The interceptor was conceptualized over a weekend, as a drone that could identify and ram hostile objects. After sending a video to the Pentagon of a working prototype, the U.S. military made a small order for testing. Anduril publicly announced the drone in October 2019.

As of 2019, Anduril had delivered the Anvil to the United States and United Kingdom militaries. Anduril was contracted to deploy the drone to overseas combat zones.

A detonating version called the Anvil-M was unveiled in October 2023. It uses a fire-control module and munitions payload to destroy Group 1 and 2 UAS.

=== Barracuda ===

Barracuda is a family of air-breathing cruise missiles, usually launched from fixed-wing aircraft, naval platforms and helicopters. The family consist of three variants - Barracuda-100 with range less than 160km while carrying a 16-kg warhead, Barracuda-250 with maximum range of 280 to 370km with 16-kg warhead, Barracuda-500 with a strike range of 800km with warhead of 45-kg.

=== Bolt/Bolt-M ===
Bolt is a 12 lb UAV that comes in military and civilian configurations. M stands for "munitions". The products operate on the Lattice AI network. They can be carried in a backpack and can be deployed in five minutes. It includes swappable batteries for extending flight time. Its primary purpose is intelligence, surveillance, and reconnaissance (ISR) and search and rescue (SAR). It has both remote and autonomous flight modes. Flight time is 45 minutes. Range is 12.4 mi. The operator can specify a target, and an attack angle, and then let the drone operate autonomously without further intervention.
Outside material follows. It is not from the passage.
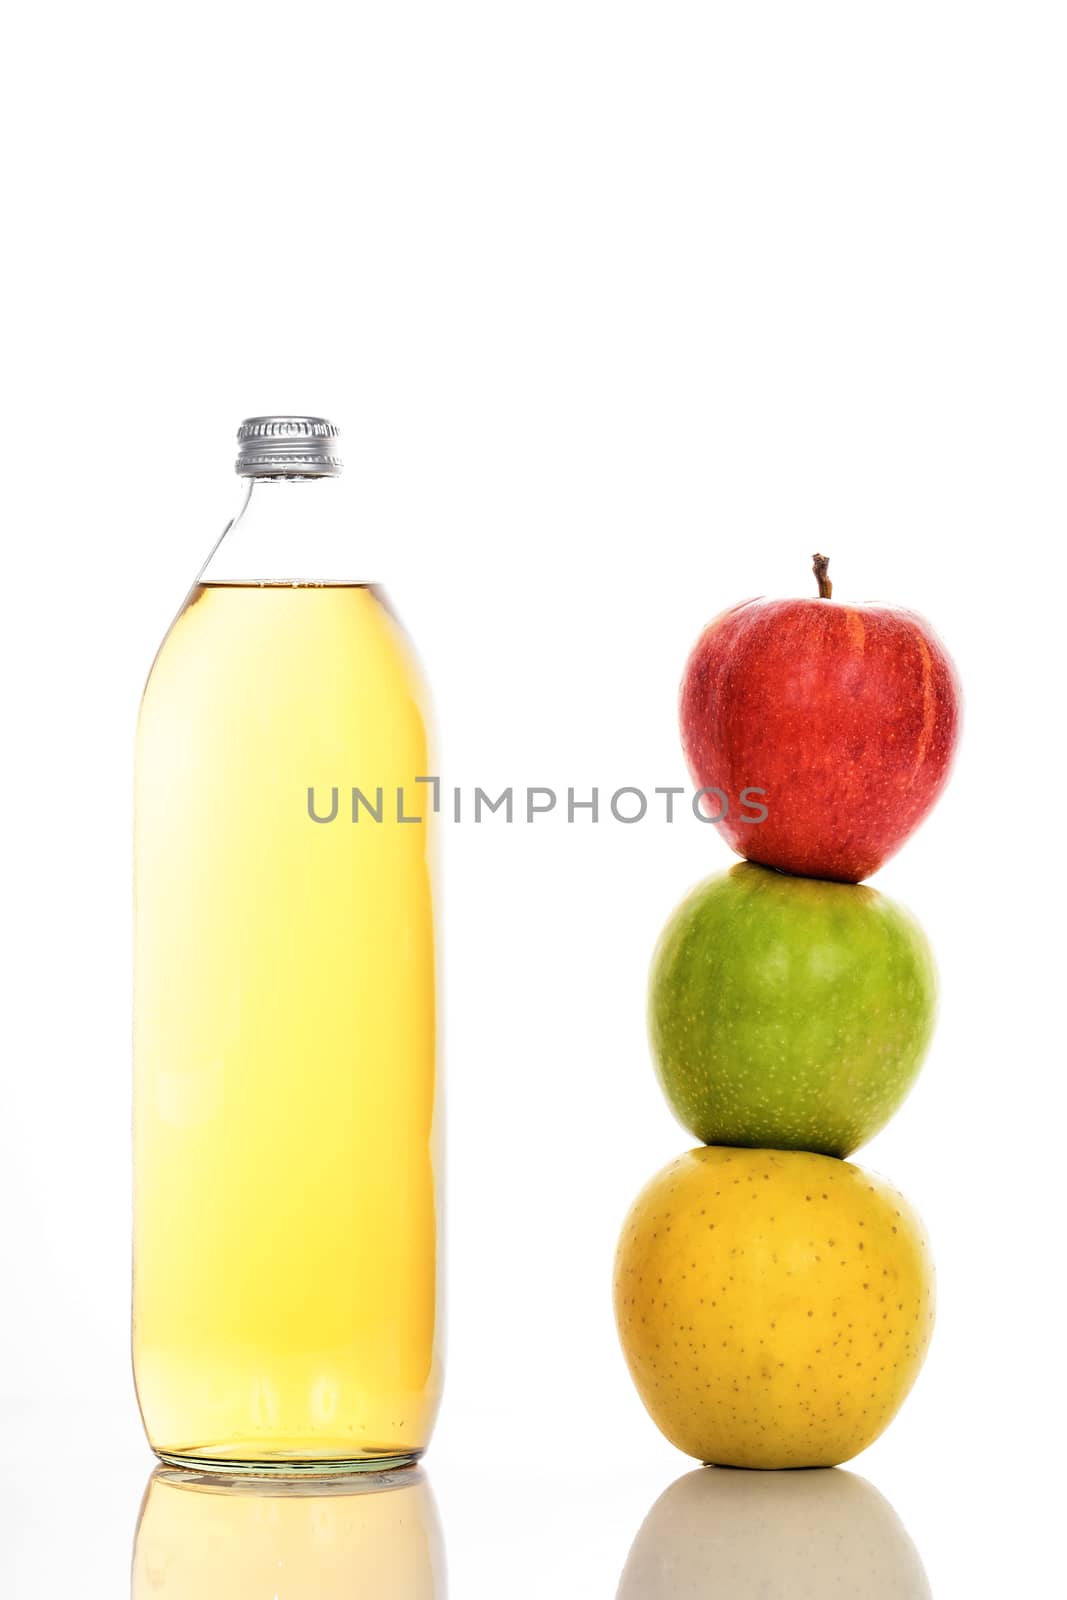 Apple juice in glass bottle by vwalakte
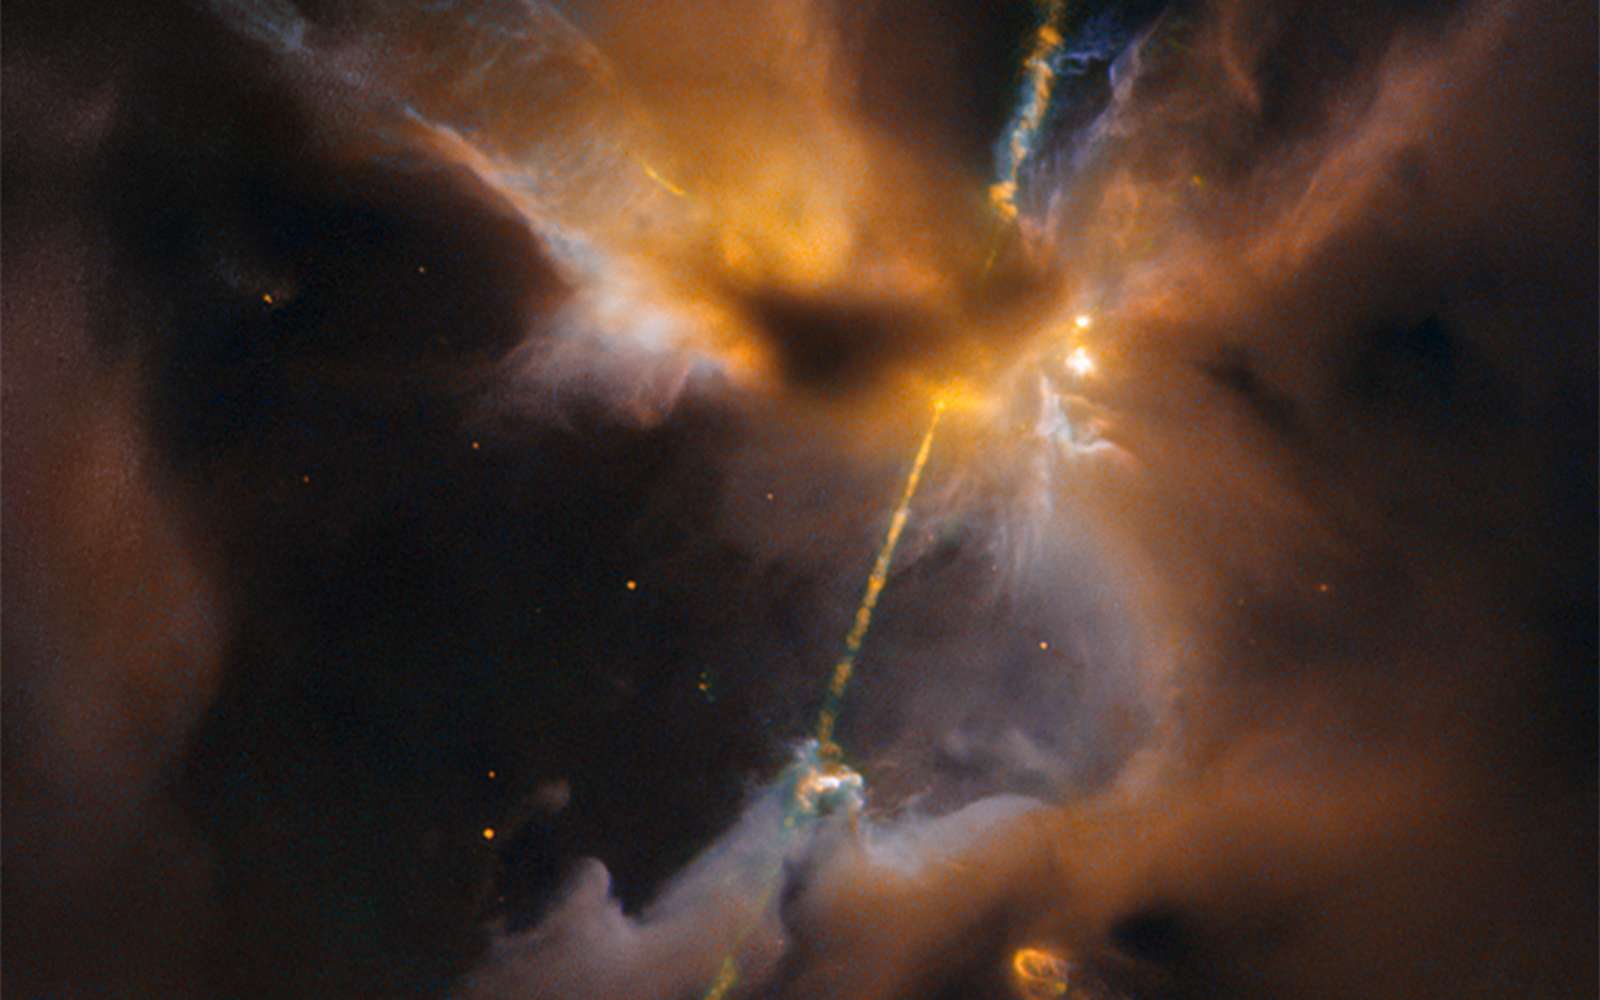 Ce double sabre laser est un objet Herbig-Haro, deux puissants jets expulsés d’une très jeune étoile, qui entrent en collision avec la matière interstellaire. Téléchargez ici l’image en haute résolution. © Nasa, Esa

Bolt-M carries up to a 3 lb ordnance payload. It supports both anti-personnel or anti-materiel warheads. The additional weight reduces flight time to 40 minutes.

=== Copperhead UUV ===
Copperhead is a family of autonomous underwater vehicles with both utility and "kamikaze"-style munitions capabilities, designed to be launched from the Dive-LD and Ghost Shark platforms, as well as other unmanned undersea and aerial platforms. Copperhead-100 is roughly comparable in size and capability to the Mark 54 lightweight torpedo, while Copperhead-500 is roughly comparable in size and capability to the Mark 48 heavy torpedo. Both systems are intended to be reusable and recoverable.

=== Dive-LD ===

Dive-LD is an autonomous underwater vehicle (AUV) designed by Boston-based Dive Technologies, which was acquired by Anduril in February 2022. It is intended for use in littoral and deep-water survey, inspection, and ISR. In May 2022, Anduril announced that the Royal Australian Navy signed a $100M contract to develop and build three Extra Large Autonomous Undersea Vehicles (XL-AUVs). Dive-LD is capable of carrying and deploying the Copperhead family of UUVs and Copperhead-M family of loitering munitions.

=== Dust ===
Dust is a small 4 lb ground-based sensor designed to detect people and objects in areas with limited line of sight, such as small corridors that nearby Sentry Towers cannot observe. Dust is powered by an onboard battery providing two months of life, or an external solar panel.

=== Fury ===

Fury is a long-range, subsonic, stealthy military drone with 17 ft wingspan suited for surveillance and combat. The initial prototype design was originally made by Blue Force Technologies. Fury was selected alongside General Atomics to compete for the first increment of the U.S. Air Force's Collaborative combat aircraft (CCA) program in April 2024.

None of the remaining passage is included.